Your goal - For this exercise, reproduce the entries below exactly, but only from the line containing "Zimmertür mit Zarge" through the line containing "RTTYOA Silk Satin", both included.

Data -
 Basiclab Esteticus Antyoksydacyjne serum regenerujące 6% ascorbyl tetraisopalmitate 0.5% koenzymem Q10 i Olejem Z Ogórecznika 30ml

---

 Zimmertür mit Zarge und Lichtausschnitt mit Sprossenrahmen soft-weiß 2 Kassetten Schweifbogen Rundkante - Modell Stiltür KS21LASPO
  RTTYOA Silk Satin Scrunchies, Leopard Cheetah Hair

Answer to this problem -
 Zimmertür mit Zarge und Lichtausschnitt mit Sprossenrahmen soft-weiß 2 Kassetten Schweifbogen Rundkante - Modell Stiltür KS21LASPO
  RTTYOA Silk Satin Scrunchies, Leopard Cheetah Hair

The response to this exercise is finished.